Painting by numbers is not child’s play in the case of Sherwin-Williams. The figures are equivocal for the US paint company. Is it a speciality chemical maker or a vertically integrated building supplies company? The distinction makes a big difference to how the shares are valued.
Increasingly Sherwin sells paint direct to contractors via its own high-margin paint stores and less through DIY retailers such as Home Depot. The proportion has risen steadily from two-fifths in 1980 to almost three-fifths today. Contractors want professional advice when they buy and they get it in the stores. So while Sherwin trades at a premium to speciality chemicals companies, it is in line with home improvement retailers and at a discount to makers of building supplies.
Moreover, Sherwin and its main rival PPG control a third of the architectural coatings market in North America. No surprise, then, that the company’s return on equity is more than 40 per cent and rising – higher than during the housing boom. Can Sherwin maintain these high returns?
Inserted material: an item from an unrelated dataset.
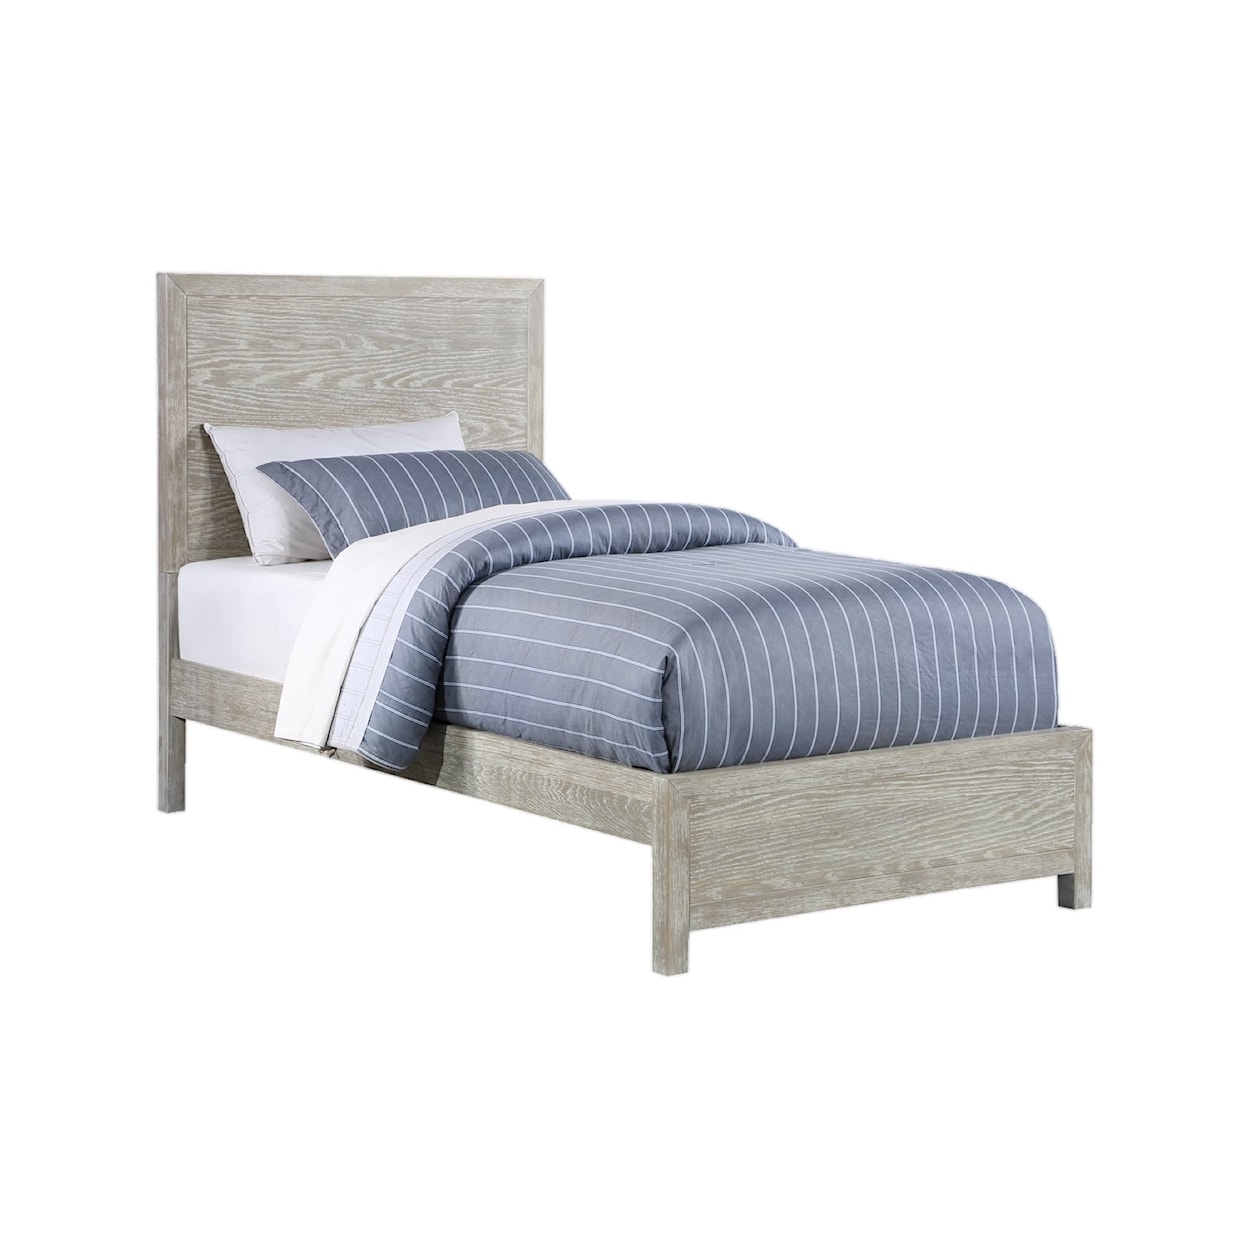 Winners Only Fresno Panel Twin Bed

One possibility: buy some growth. Sherwin wants to expand in Latin America via Comex, the leading Mexican paint maker. But regulators there are wary. They fear that a combined company would dominate the market and have blocked the deal. Sherwin has already raised the funds for the acquisition. However, if it must surrender on Comex, it can return that cash to shareholders via buybacks. Shrinking equity can lift returns and boost the share price.
Between 2008 and 2012 Sherwin returned nearly three-quarters of available cash flow to shareholders via buybacks and dividends. The run rate for 2013 has been similar. Without Comex, even more buybacks should follow. All this paints a rosy picture for the shares.